**PROBLEM STATEMENT:** Your copy begins at the line with "Tremendous Little Scarlet" and runs through the end of the data below. Set down only those lines exactly, without pictures.

━━━ COLLECTED MATERIAL

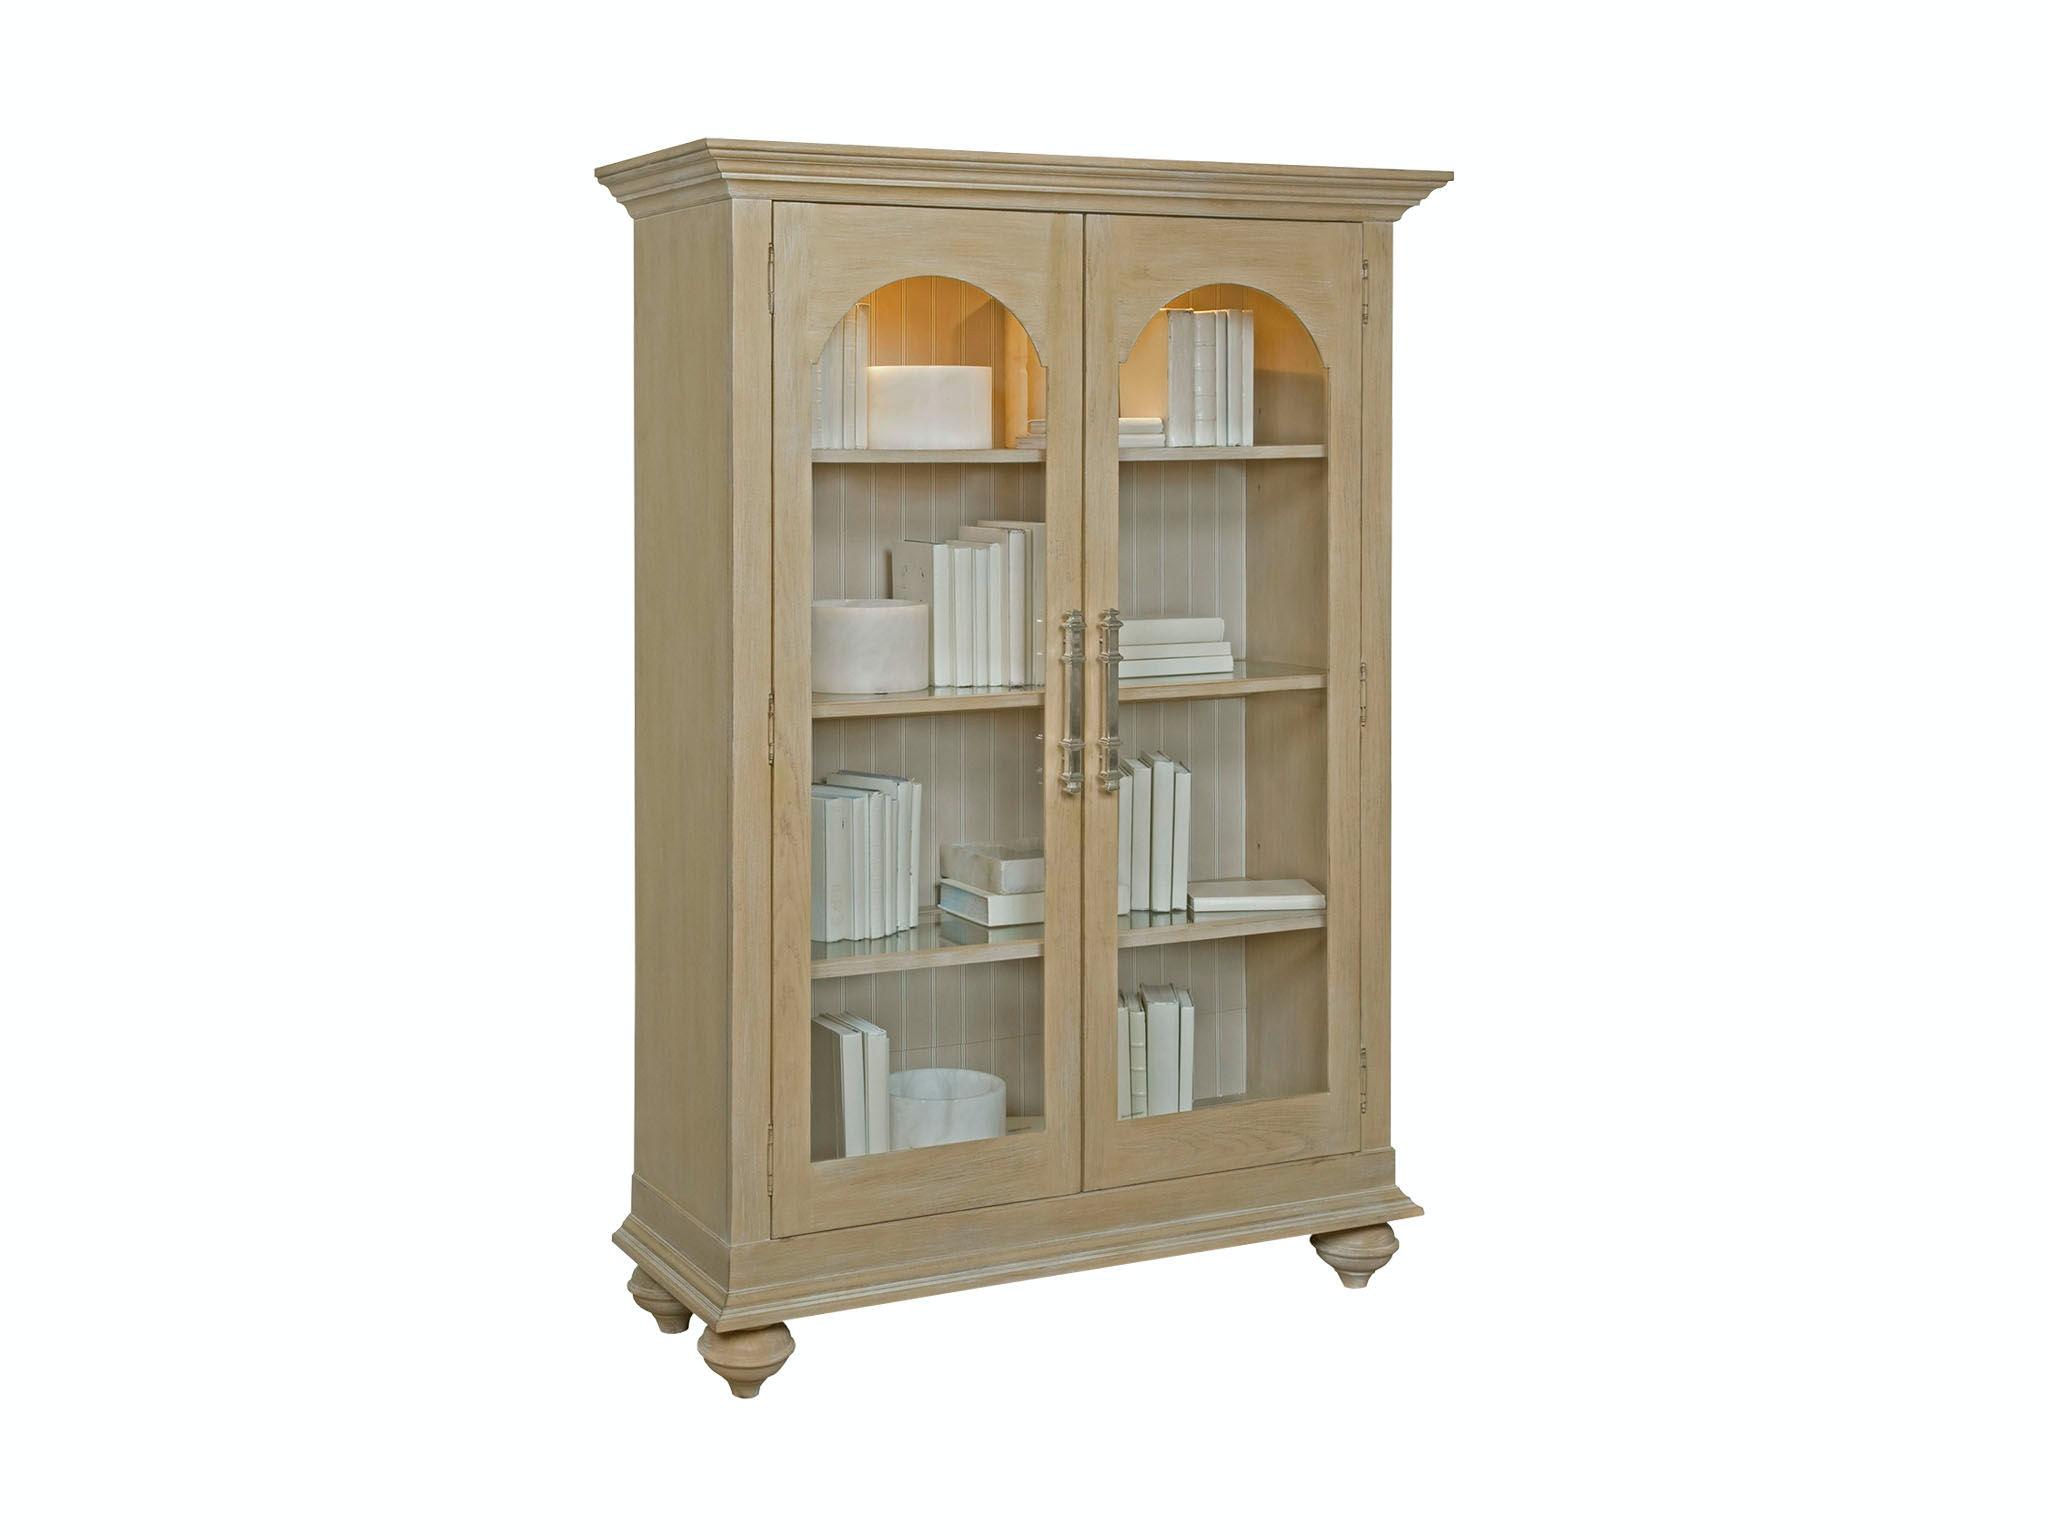 Drexel Plaudits Display Cabinet 175 550
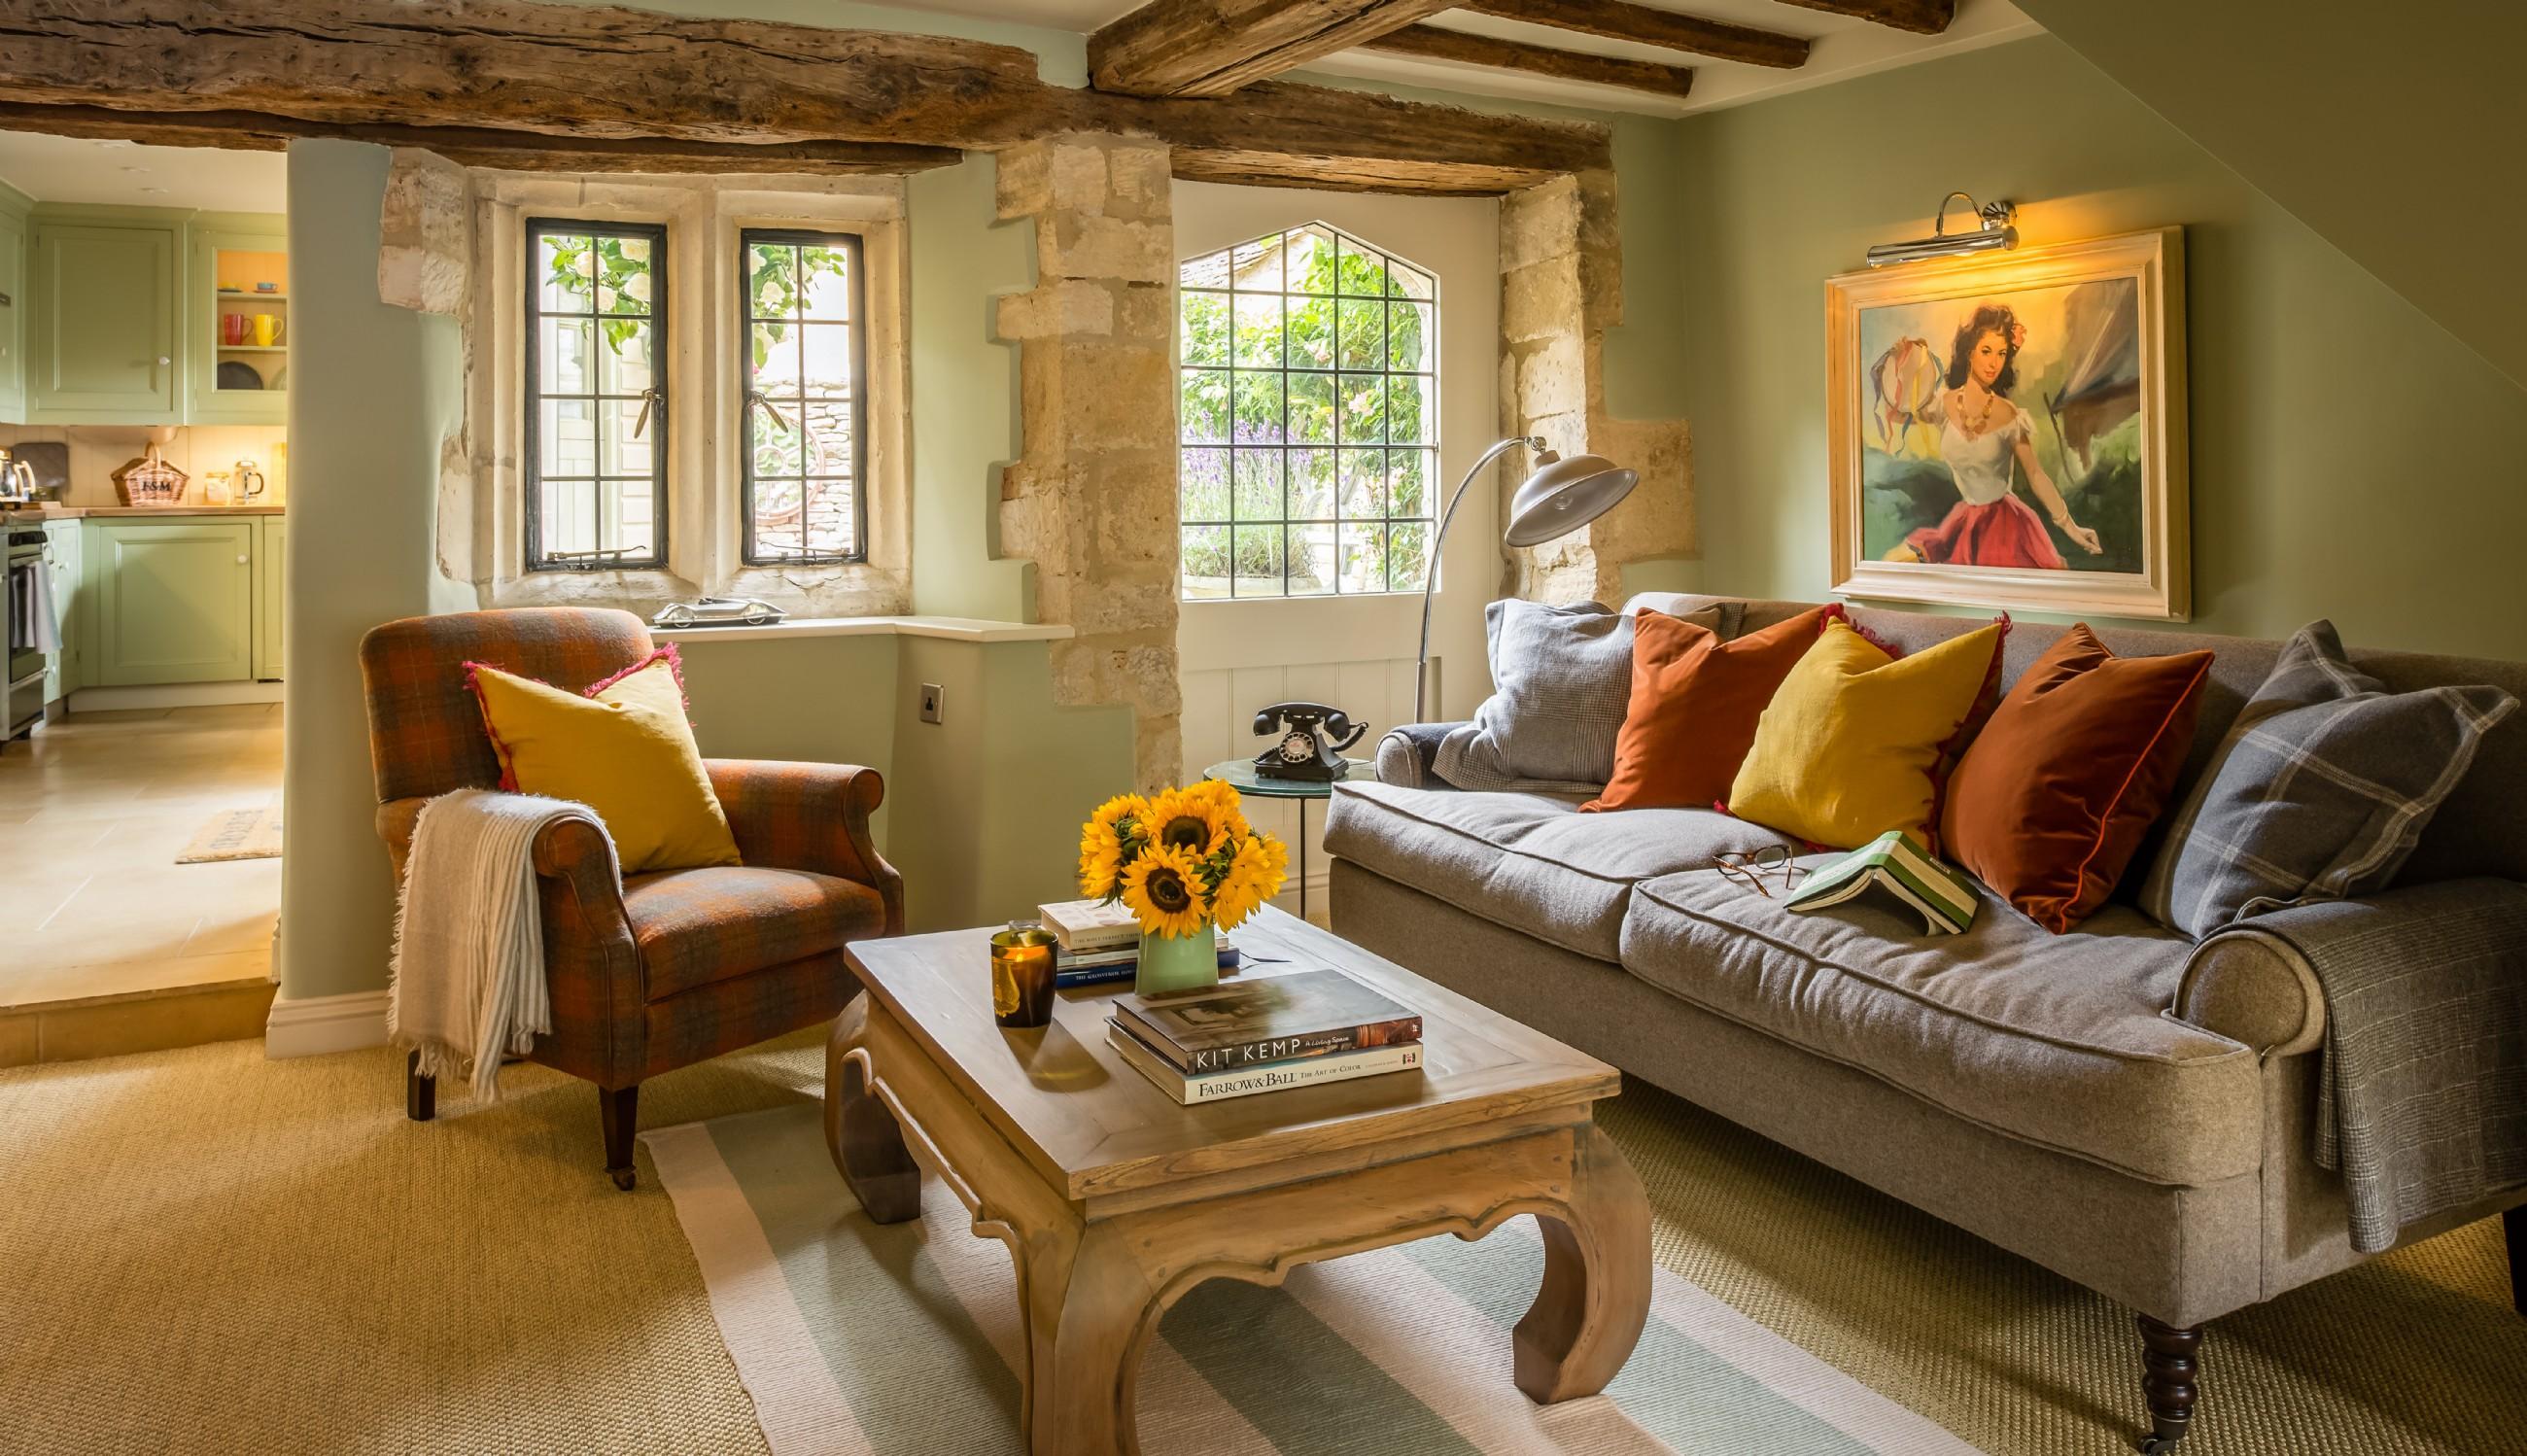 Tremendous Little Scarlet Luxury Self Catering Cottage Burford Interior Design Ideas Gentotryabchikinfo
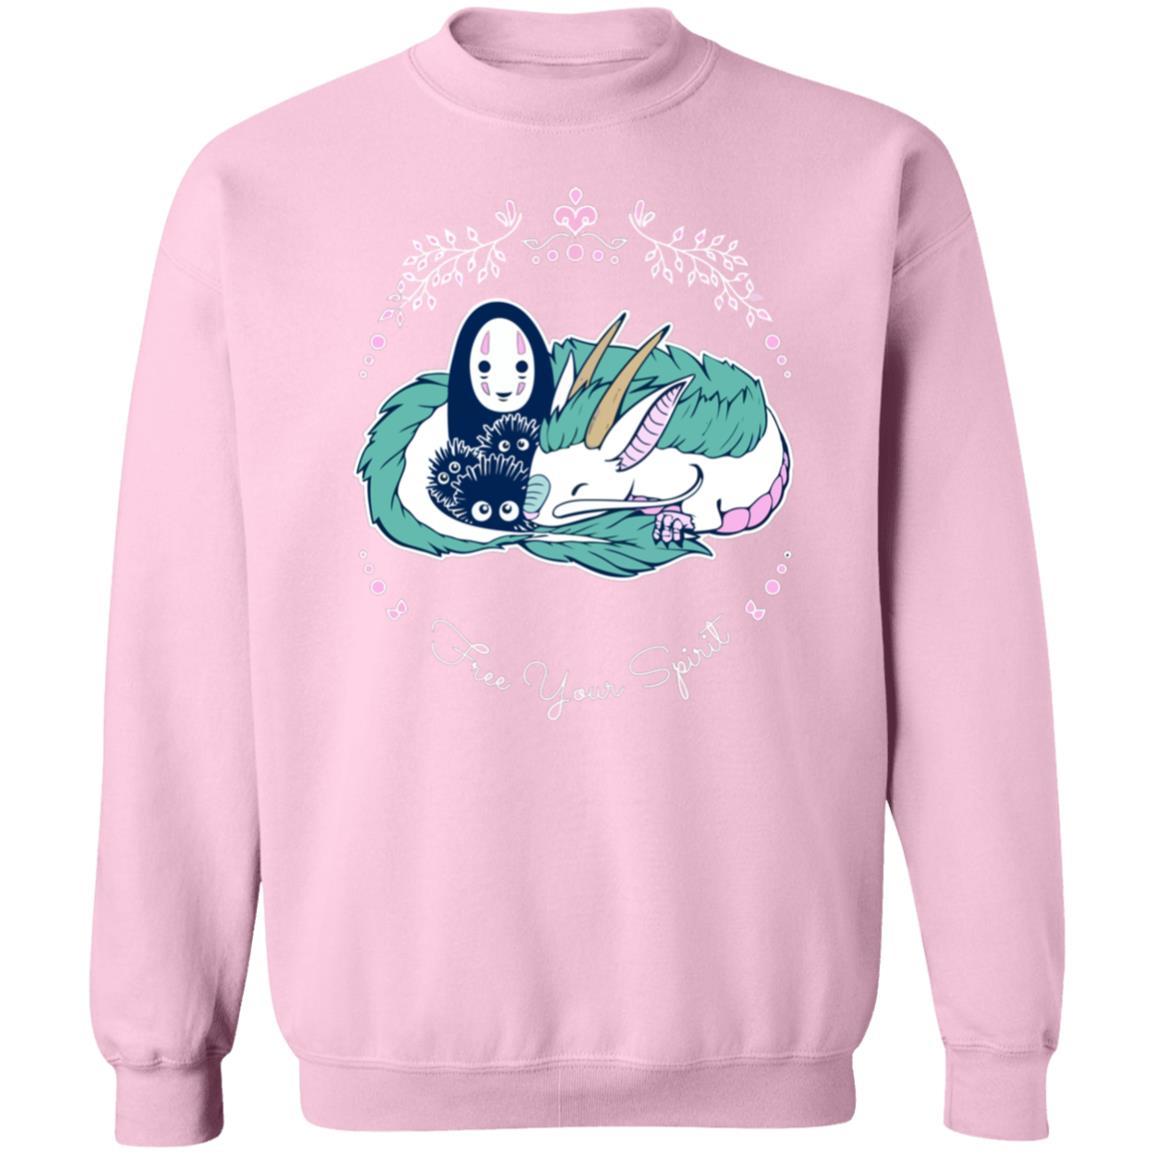 Spirited Away – No Face and Haku Dragon Sweatshirt

━━━━━━

**EXERCISE SOLUTION:**
 Tremendous Little Scarlet Luxury Self Catering Cottage Burford Interior Design Ideas Gentotryabchikinfo
 Spirited Away – No Face and Haku Dragon Sweatshirt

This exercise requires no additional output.